The mother is burrowed right now but when she comes out I'll take a picture of her.


----------



## Botar (Mar 29, 2005)

cryptly said:
			
		

> I'm guessing you must use some sort of database/spread sheet to keep track of that many T's.


Yes.  At the moment I have them on a spread sheet.  I've acquired Quickbooks POS, but I just haven't had the time to get it set up.

Botar


----------



## baboons24 (Mar 30, 2005)

very nice. i can't imagine how many hours you put in a day botar. i dream of having something like that, but maybe on a smaller scale. but did you think that you would be at the volume you are at now back when you first started selling t's? i want to breed a couple speciesbut i'm going to wait till i'm more experienced. i've only been keeping for 2 years now. i'm looking foward to ordering from you when i get some extra $. your highly regarded on the boards.      in awe   :worship:


----------



## Botar (Mar 30, 2005)

baboons24 said:
			
		

> very nice. i can't imagine how many hours you put in a day botar. i dream of having something like that, but maybe on a smaller scale. but did you think that you would be at the volume you are at now back when you first started selling t's? i want to breed a couple speciesbut i'm going to wait till i'm more experienced. i've only been keeping for 2 years now. i'm looking foward to ordering from you when i get some extra $. your highly regarded on the boards.      in awe   :worship:


I didn't know what to expect and things just kind of grew on their own.  At this size the business is somewhat like being a dairy farmer.  You never get a day off and the hours each day are very long.  However, since this is what I was doing in my free time before I retired, I don't mind doing it all day long now.

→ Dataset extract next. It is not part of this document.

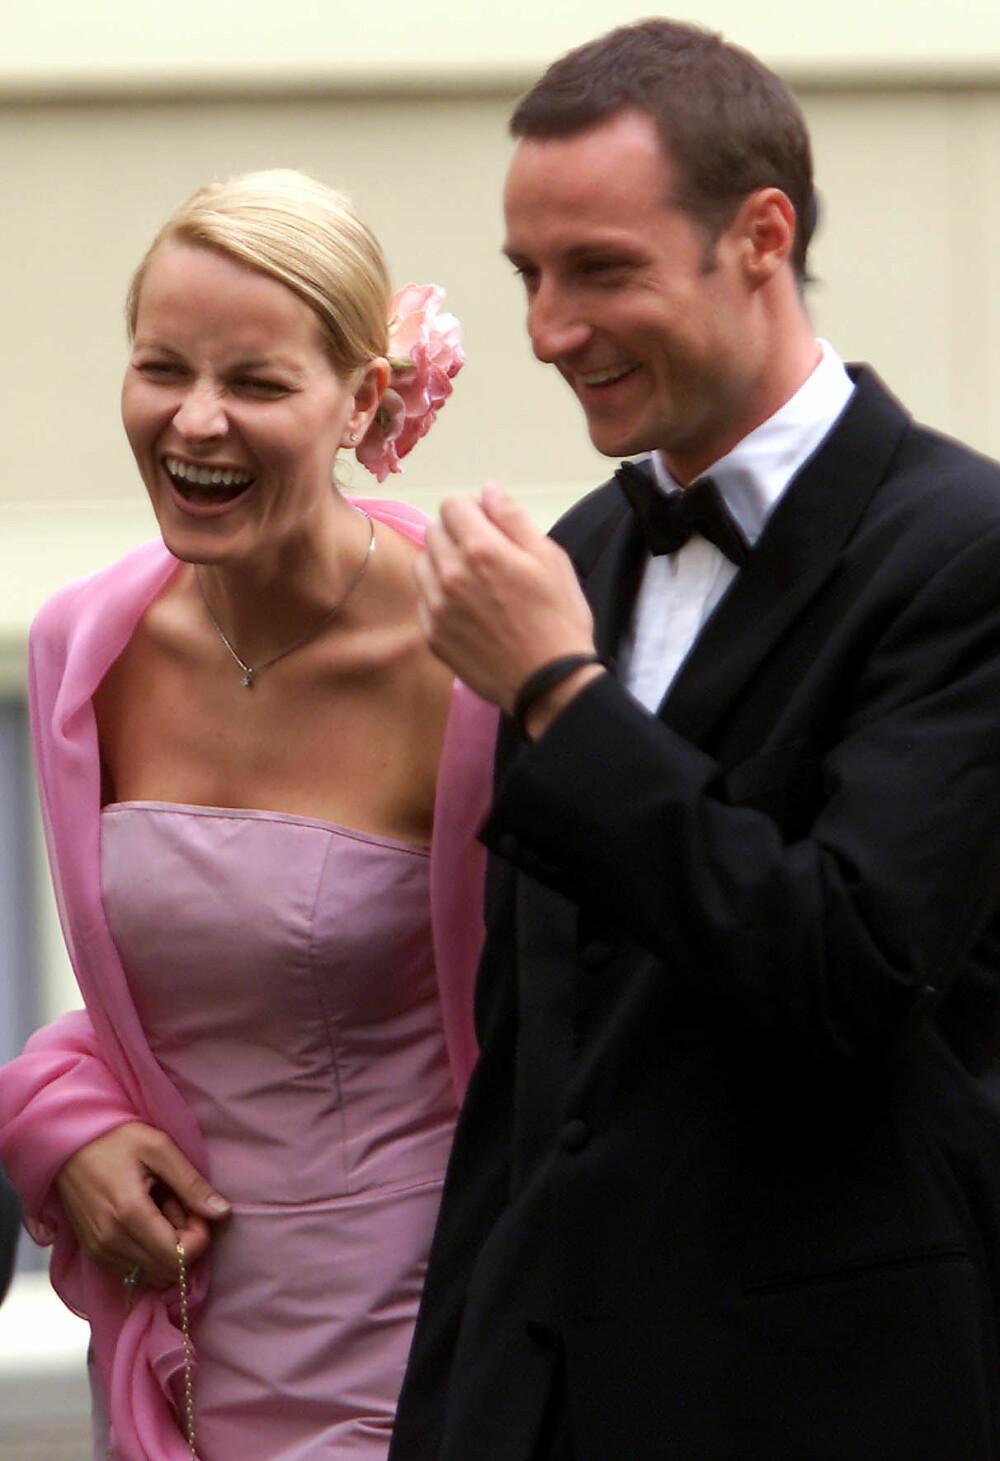 <b>KONGELIG BRYLLUP:</b> Tre måneder før de selv skulle gifte seg, var Mette-Marit og Haakon gjester i bryllupet til prins Constantijn og prinsesse Laurentien i Nederland. Den rosa kjolen er designet avOve HarderFinseth, som også designet brudekjolen hennes.

I think Madeline is planning on getting some pictures of the E. uatuman mom after school and posting them.  She didn't have time last night as I had her working in the sweat shop again... feeding A. genic's.  Thanks Madeline.

Botar


----------



## Rob1985 (Mar 30, 2005)

WOW!!!!!!!! now that is what is takes to run Botarby8s   My parents would not only hate me if I had my room like that, I am pretty sure they would murder me too!!! :?  :wall:  :}


----------



## jdcarrel (Mar 30, 2005)

the setup looks great.  Can't wait to visit and blow some money.


----------



## Madeline (Mar 30, 2005)

*Picture of E. uatuman mother*

Here is the picture of the mother of the E. uatuman sack. She hasn't molted since she made the sack.(I deleted the pic)


----------